Anyway, between the pink eye/debit card/printer/tantrum filled crazy morning, by the time I got to church, I was ready for bed. I play the organ for my ward, and it took me halfway through the opening song to realize that I was playing the music in cut time. (Imagine singing “The Day Dawn is Breaking” as fast as you can. Invigorating!) I finally slowed myself down so at least the Sacrament hymn was reverent though.
Primary was a whirlwind of activity, and when I picked up June from nursery, the leaders kindly let me know that it had not been her best day. I was letting all of these little, unimportant things really get to me, and I was feeling kind of crazy.

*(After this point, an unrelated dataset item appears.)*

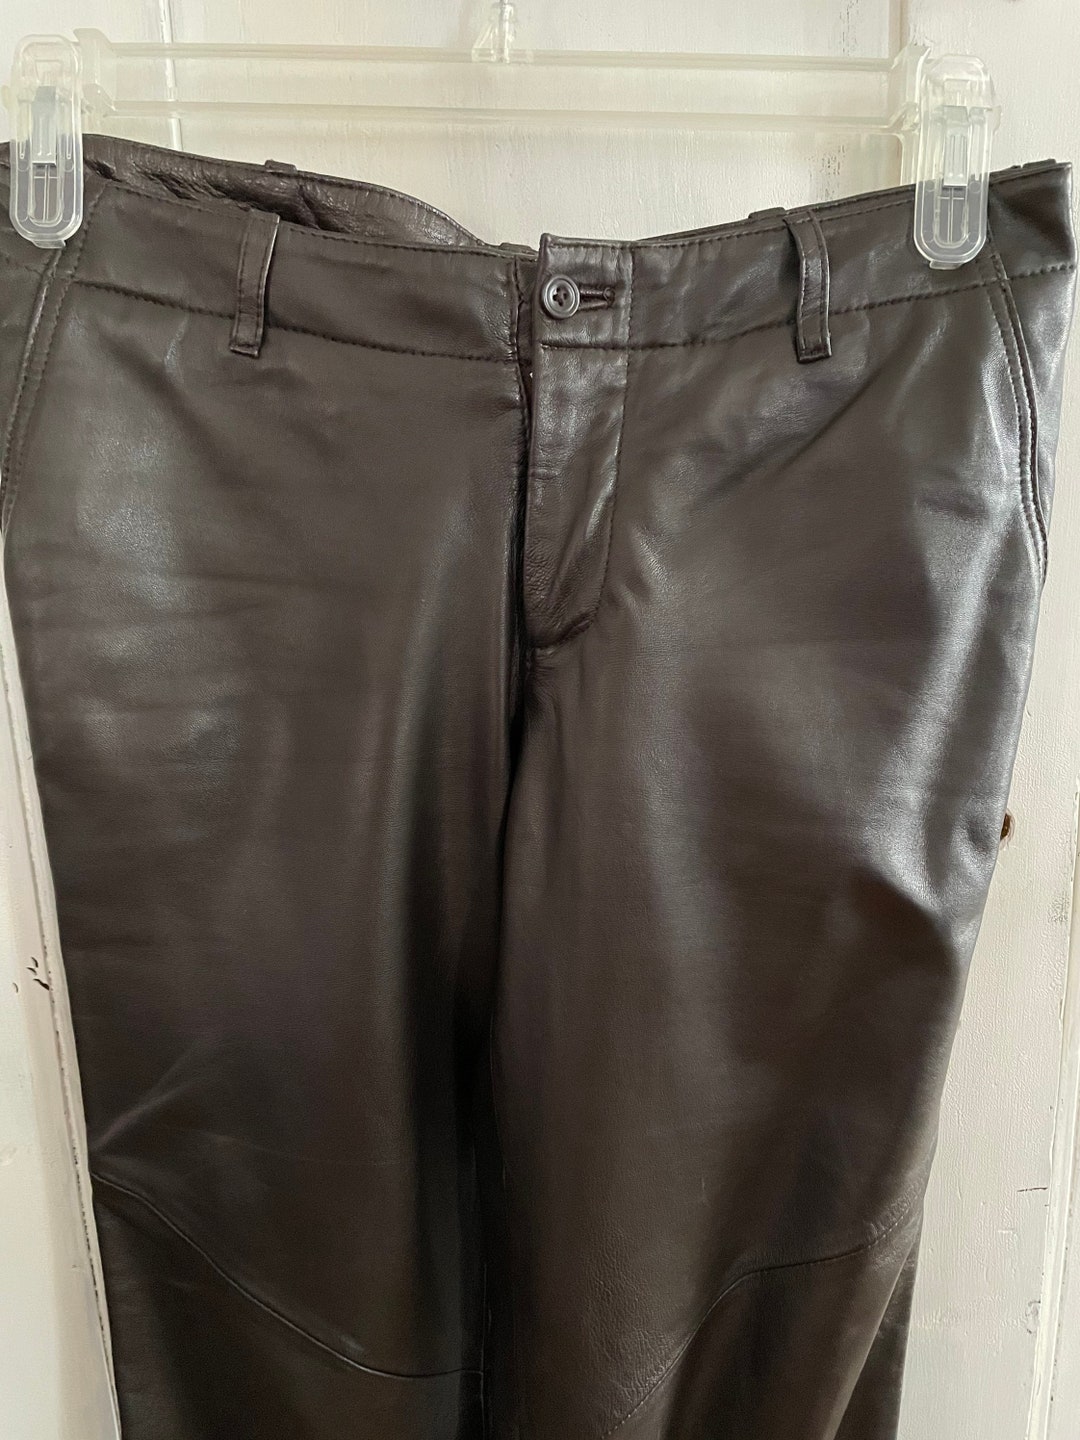 Vintage Leather Pants Gap - Etsy

When I got home from church, I found myself reading the following quote about hope. It is taken from the LDS church’s missionary manual, Preach My Gospel. It says:
"Hope is an abiding trust that the Lord will fulfill His promises to you. It is manifest in confidence, optimism, enthusiasm, and patient perseverance. It is believing and expecting that something will occur. When you have hope, you work through trials and difficulties with the confidence and assurance that all things will work together for your good. Hope helps you conquer discouragement. The scriptures often describe hope in Jesus Christ as the assurance that you will inherit eternal life in the celestial kingdom."
It really made me stop and think. Anyone who knows me knows that I do NOT handle stress well. At all. When Daniel told me he had pink eye, my first thought was, “Well you CAN’T!" closely followed by “How much is this going to cost?” We had just discussed finances and our budget the night before, which resulted in great resolve in both of us to do a better job of saving money, and now MY PLAN WAS RUINED.
I rarely see a problem and think, “Well okay. We can work through this. It will all work out.”
Realizing this, I turned to Daniel and said, “I’m a hopeless disciple.” He looked shocked and said, “No, you are NOT!” I quickly explained what I really meant—not that my case is hopeless. Because it isn’t. The Savior suffered so that we can all be saved. There is definitely hope for everyone! But what I meant is that I, me personally, my mental state, is one that doesn’t hope for things that I should. That I need to learn HOW to hope. I read the quote out loud to him, and he started laughing and admitted he could see my point. That quote is pretty much the opposite approach I have to handling things. Daniel is always asking me to calm down and deal with problems rationally.
It made think that true hope is the kind of peaceful reassurance we can obtain when things aren’t going right. That we can obtain a certain comfort in the constant discomfort that comes from living in an imperfect world full of adversity. I am so grateful for the Gospel of Jesus Christ that teaches me to reach above myself and how I react to things naturally and to put my trust in Him and to learn how to react to hard situations better. Not that pink eye is a HUGE problem. But just an example.
Wow, did this post just turn serious or what? I just felt like I needed to get it out there. Please feel free to add any thoughts you may have.
And lastly, a pic of June with the latest Winn Dixie ad. Buy one, get one free pot roast? The girl knows a good deal.